The model is usually the last place execution breaks down — and it's the most visible place, so it gets the most attention. Completion logs tell you whether an agent finished. They don't tell you what happened in between: which tool call returned a malformed result that got silently passed downstream, where context got truncated mid-chain, or which orchestration step created a retry loop that drove latency up by 4x.
The monitoring strategy most teams use is built for a simpler architecture. Request in, response out. LLM call in the middle. Watch the response.
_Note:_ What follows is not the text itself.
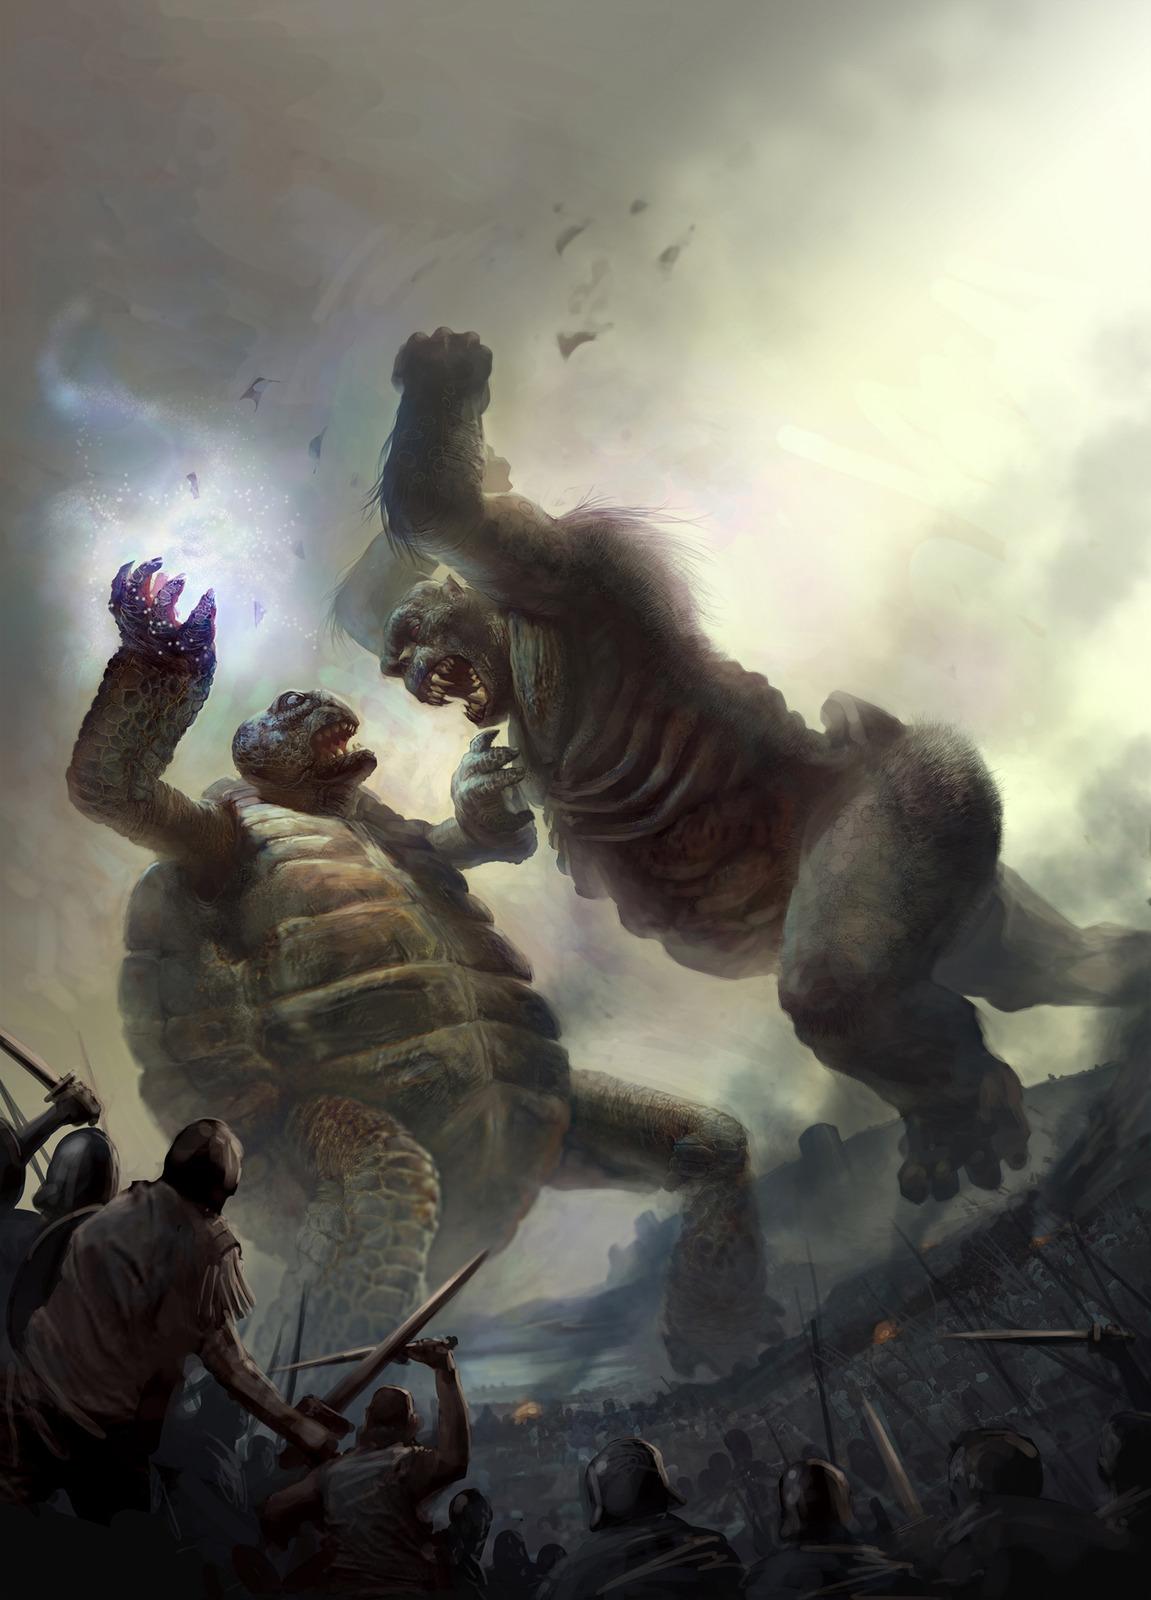 Ps3 Animated Wallpaper Giant Zombie Ape Battles Giant Tortoise In Geek Art

That model doesn't hold once you're running multi-step agents with tool use, context hand-offs, and parallel execution paths. The execution graph is where the action is. And the execution graph is what most teams can't see.
What the Span Data Shows
Across 801 production sessions, we instrumented 6,101 spans. Each span represents a discrete unit of execution: an LLM call, a tool invocation, a context operation, an orchestration step. 622 traces captured the full execution path end-to-end.
The failure distribution that emerged from this data is not what most teams expect.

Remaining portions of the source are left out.